Under considerable pressure of time, the Committee finalised its choice of construction sites for the forts and ancillary constructions, and submitted its report to the Ministry of Defence. After a period of consultation, a construction zone was decided on, which would stretch from Eastern Macedonia (Mt Beles) to Komotini, covering, section by section, a distance of 300km. This zone did not include the extension of anti-tank zones and additional fortifications which reached as far as the Evros.

The main purpose behind constructing this defensive line was not just for continual passive defence, but to repel a surprise enemy attack and simultaneously provide cover for military operations. The final study carried out by the Committee for the Study of Fortifications concerned itself with construction solely for the needs of guarding the border. It identified the following criteria:

1. The ability to immediately repel a surprise invasion.
2. Assured ease of recruitment from the population of the border region.
3. Assured speedy formation of a military force in the border region.
4. The securing of certain routes by the border guard for use by a military force.
The committee decided on the construction of enclosed defensive compounds with other constructions adjacent to them. They followed the example of the Maginot line, as the French army of the inter-war years was considered the most modern at that time. Groups of Greek officers visited the French defensive line and adopted some elements. However, most of the Greek defensive constructions were unique.

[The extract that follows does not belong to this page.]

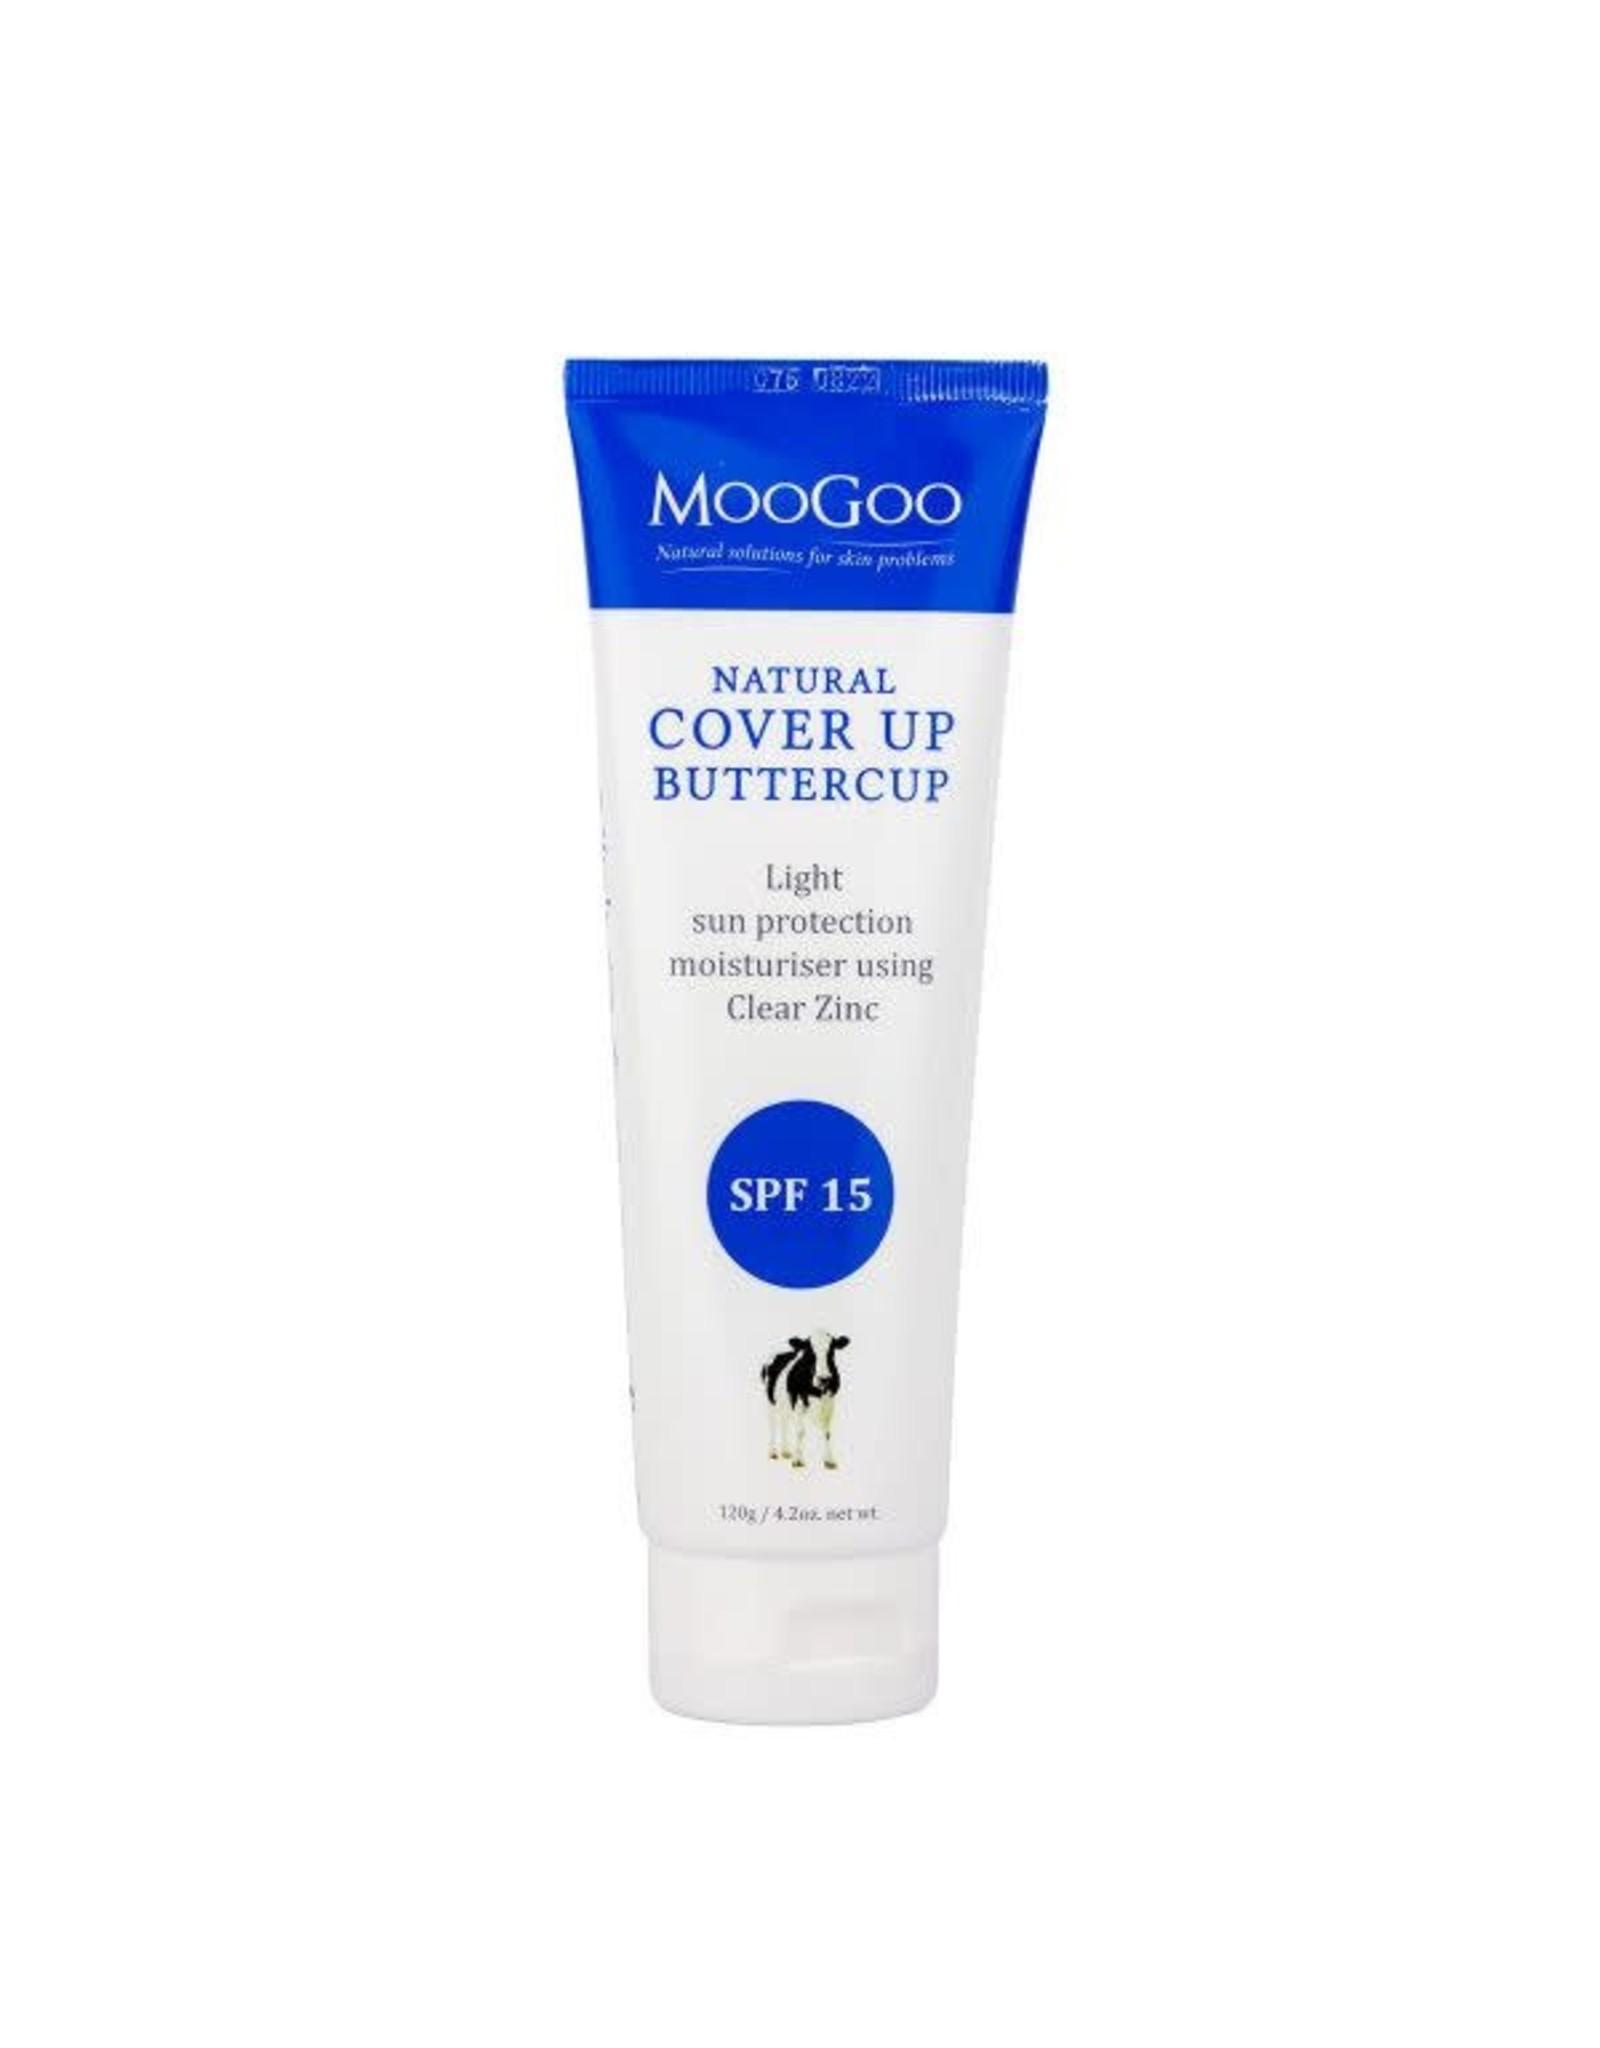 Moogoo Cover Up Buttercup SPF 15 Natural Moisturiser 120g

In 1936 the committee finished its deliberations on Forts Rupel, Karatas, Maliaga, Perithori, Lisse, and Pyramidoides, and the order was given to begin construction. Building began in Kerkine in 1936.
In the same year, Lieutenant General Alexandros Papagos was appointed head of Army General Staff, and made significant additions and changes to the plan. In May 1937, the KEO was at work in the border region north of Drama, and was exploring anti-tank placements between Forts Perithori and Lisse.
The building work was carried out by contractors between 1936 and 1938. Naturally, it was impossible for the work to be handled by the civil administration. Overall supervision was undertaken by an officer from the Engineering Corps, a veteran officer, or civil engineer and there were supervisors of various specialities, as well as soldiers with an officer to provide security.